Abstract

Ovarian hyperstimulation syndrome (OHSS) is a common complication during assisted conception treatment, mostly seen in patients with ovarian hyperresponsiveness such as polycystic ovary syndrome, especially in post-invitro fertilization and embryo transfer (IVF-ET) pregnancies. Its main symptoms are abdominal distension, abdominal pain, nausea and vomiting with ascites, pleural fluid, leukocytosis, hemoconcentration and hypercoagulation.

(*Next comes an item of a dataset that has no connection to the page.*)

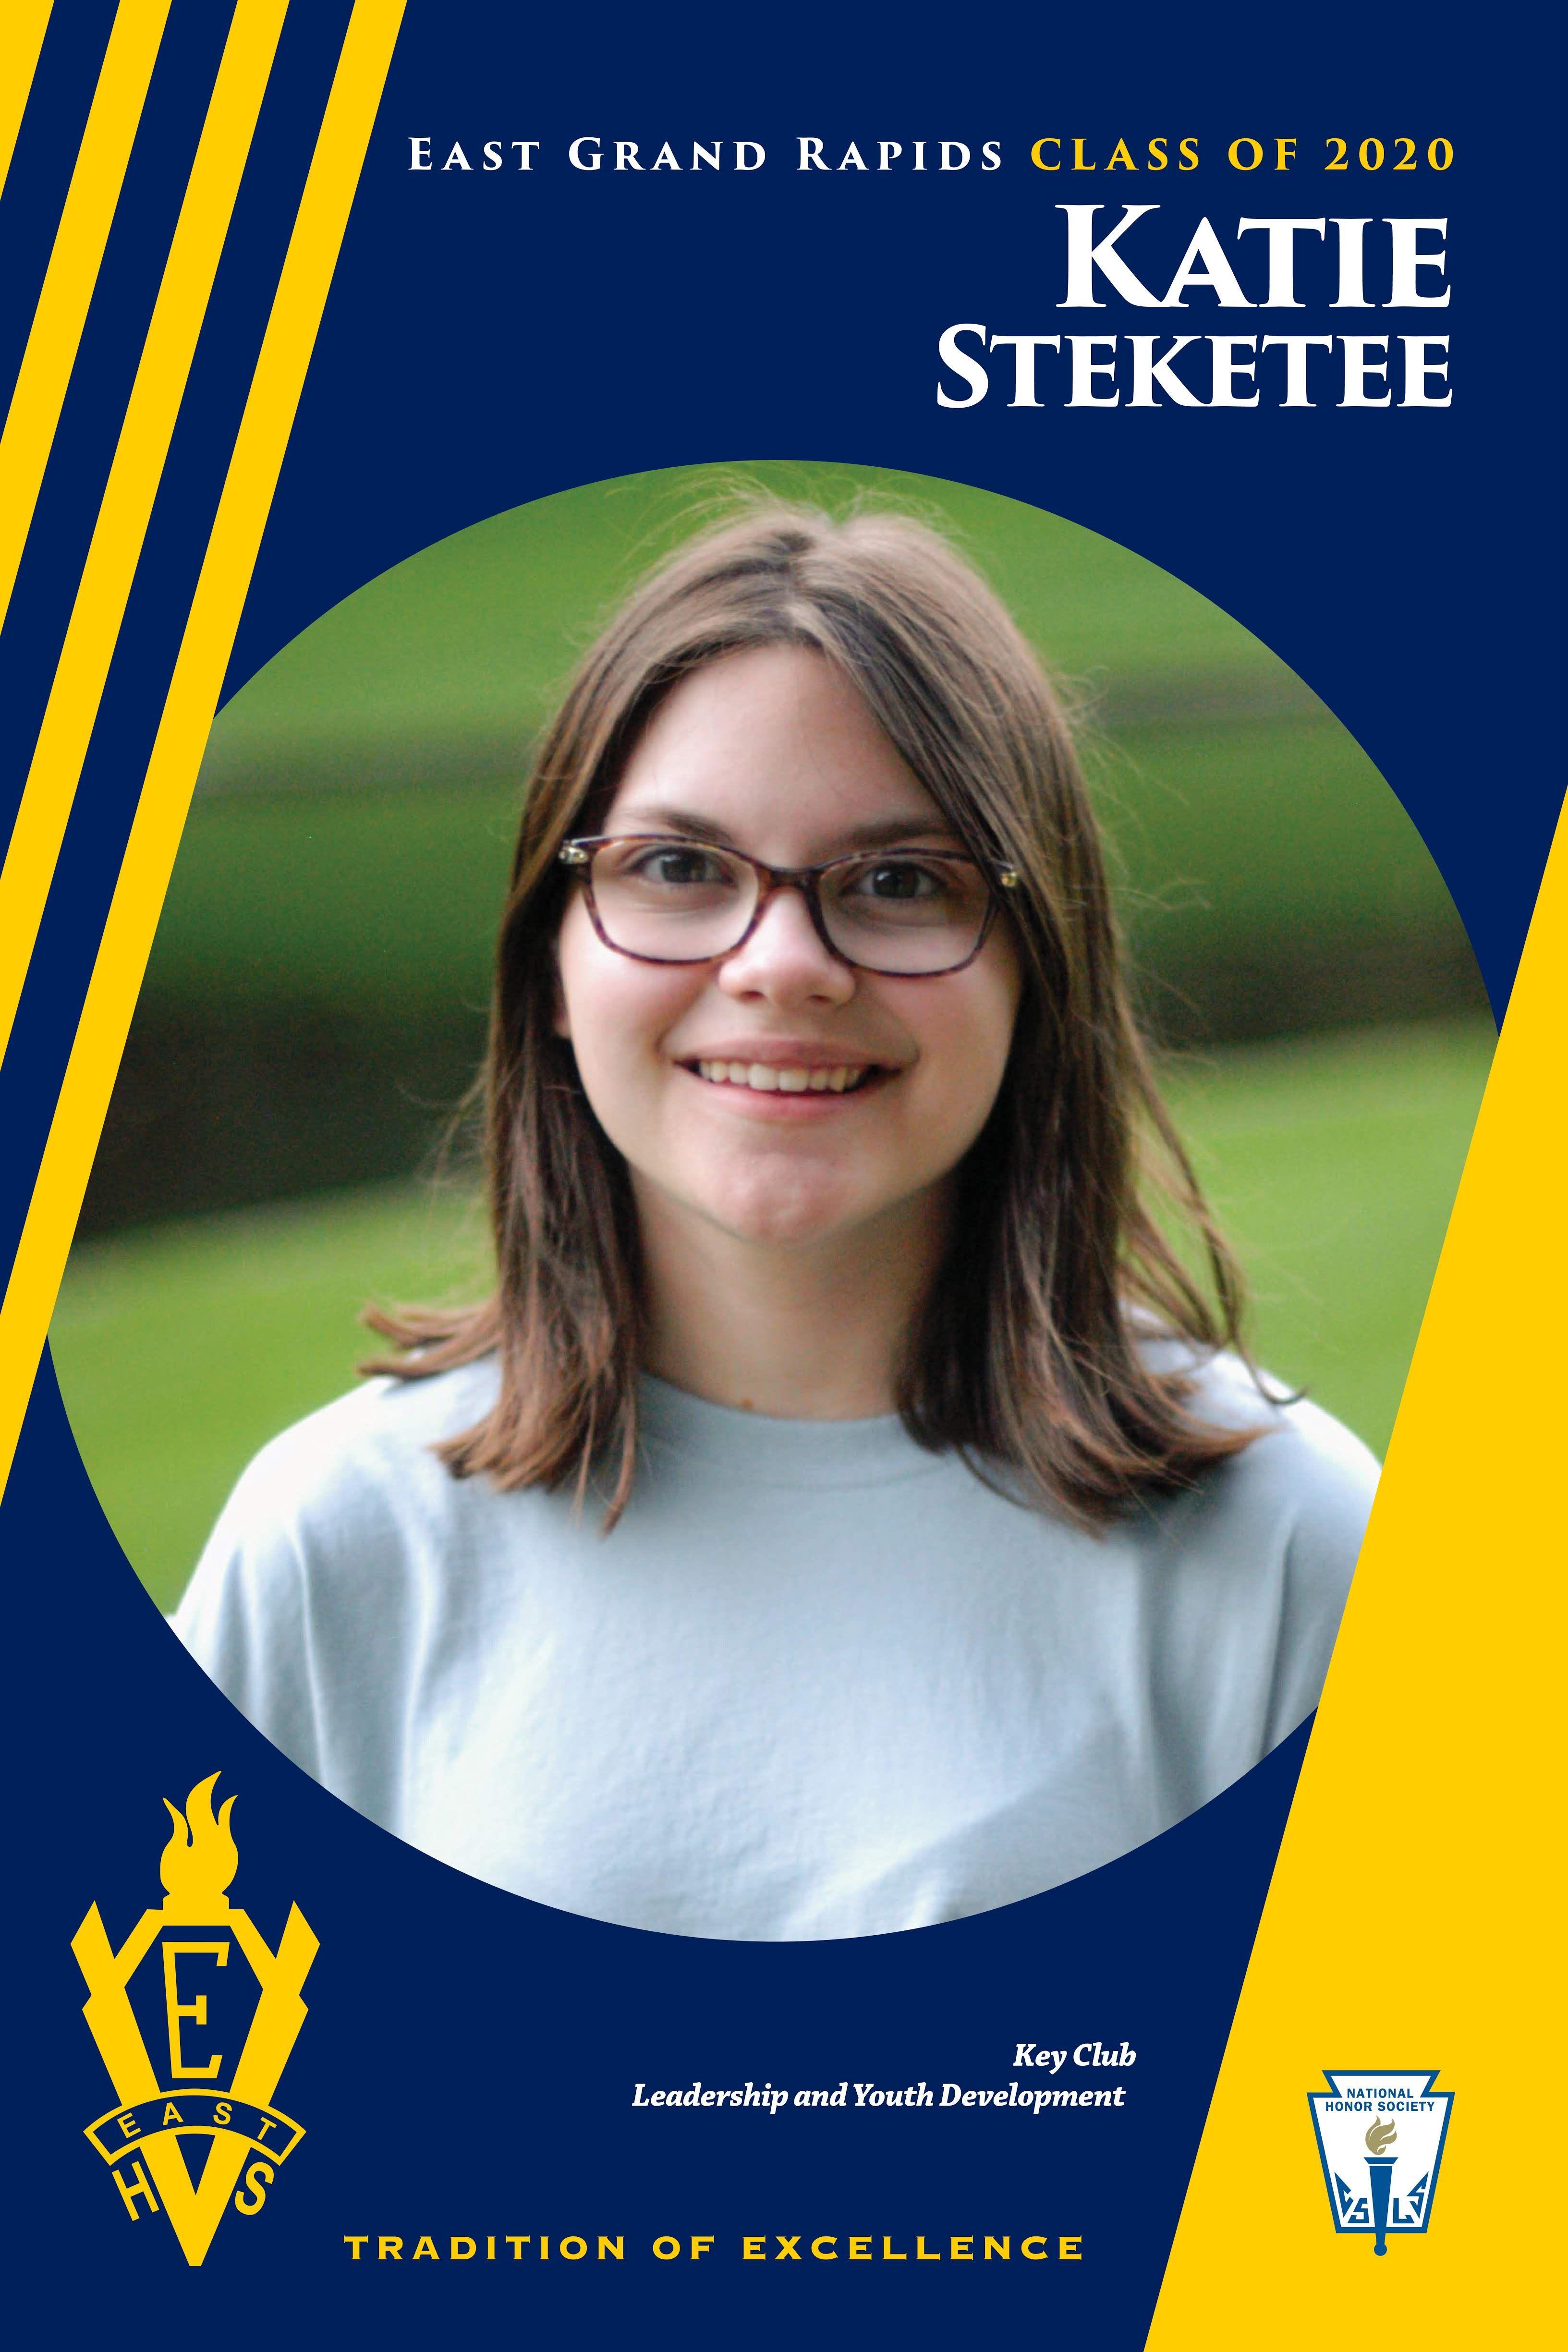 Katie Steketee
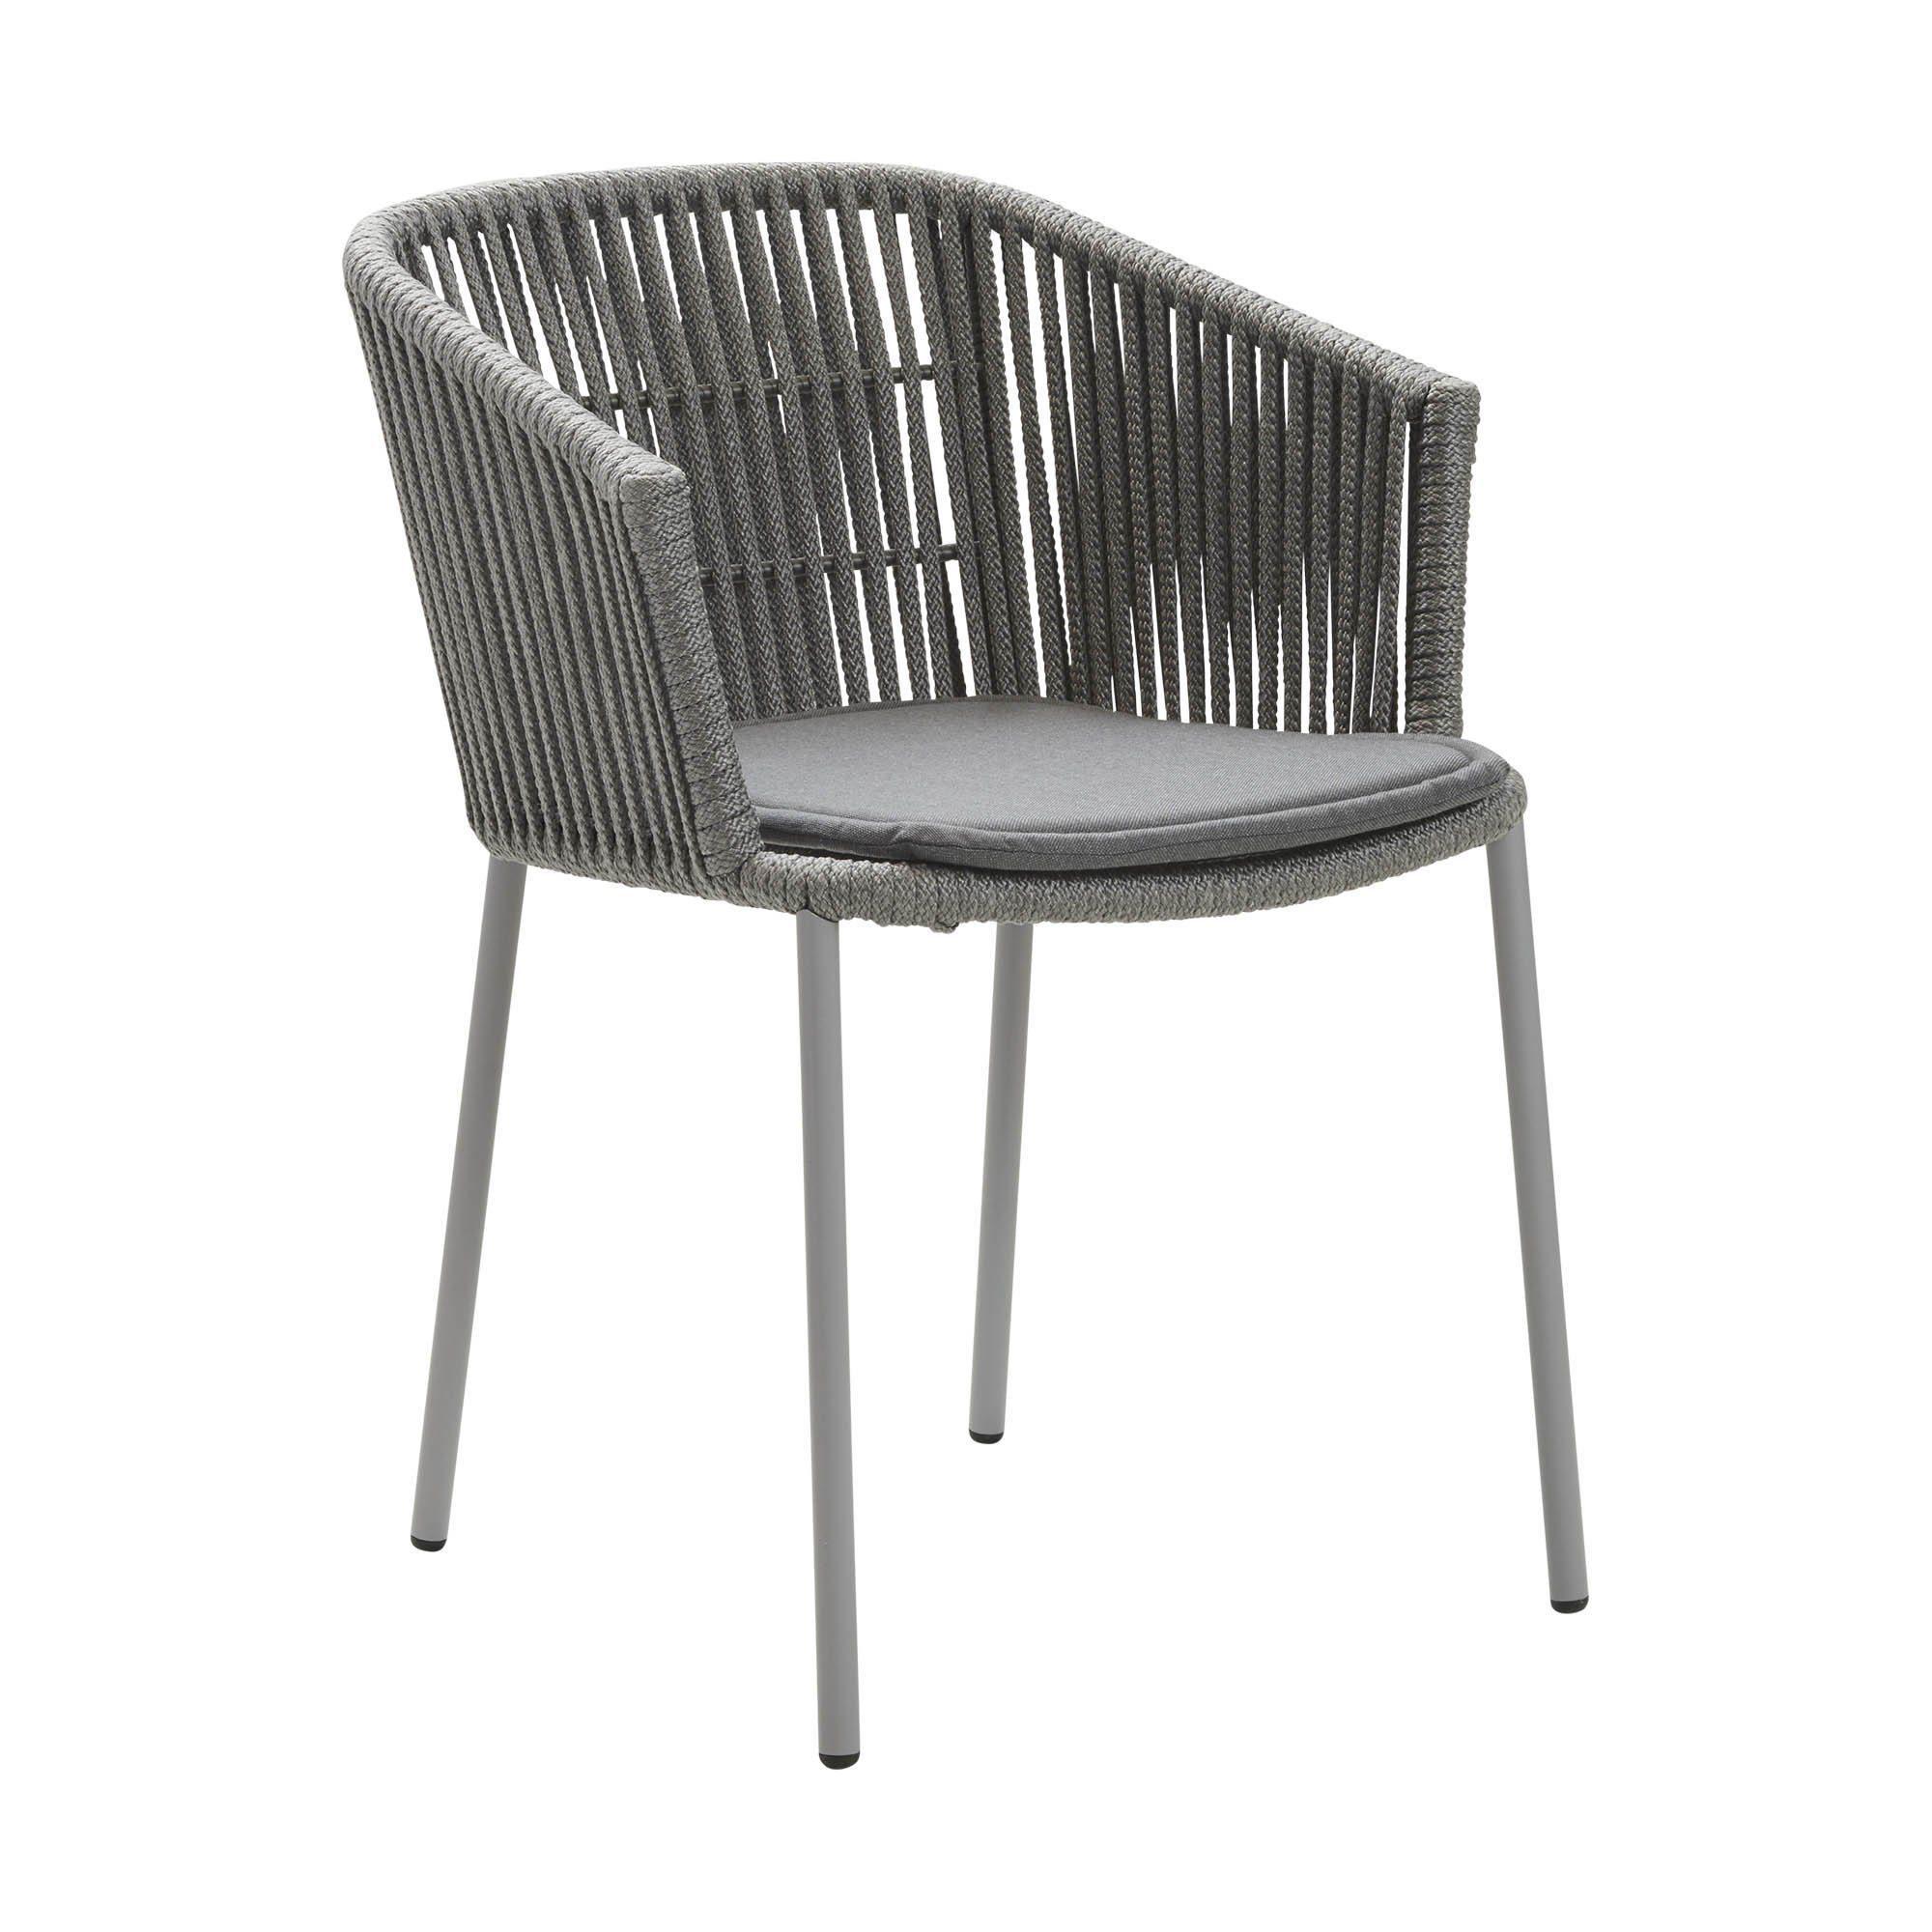 Moments karmstol med grå sittdyna från Cane-Line.

This disease is a self-limiting disease and can be gradually cured by rehydration, albumin infusion and correction of electrolyte disorders in moderate to severe cases. Luteal rupture is a more common gynecological emergency abdomen. The combination of twin pregnancy, OHSS and ruptured corpus luteum is very rare. We successfully avoided the stimulation of the risk of pregnancy abortion by surgical exploration through dynamic ultrasound monitoring and vital signs observation in the absence of experience in primary care, and the patient hard-won twin pregnancy was successfully treated conservatively. The patient is a 30-year-old post-IVF-ET woman with an established twin pregnancy, OHSS and sudden onset of lower abdominal pain. Twin pregnancy, OHSS combined with ruptured corpus luteum. Rehydration, albumin infusion, low molecular heparin for thromboprophylaxis, luteinizing support, ambulatory ultrasound monitoring. After more than 10 days of standardized treatment for OHSS, dynamic ultrasound monitoring and close observation of vital signs, the patient was discharged cured of her condition and is continuing her pregnancy. Our case shows that the possibility of acute abdominal rupture of the corpus luteum is still present in the case of combined OHSS in pregnancy, and that some patients with corpus luteum rupture can heal spontaneously during close testing to avoid the increased risk of miscarriage with surgical exploration.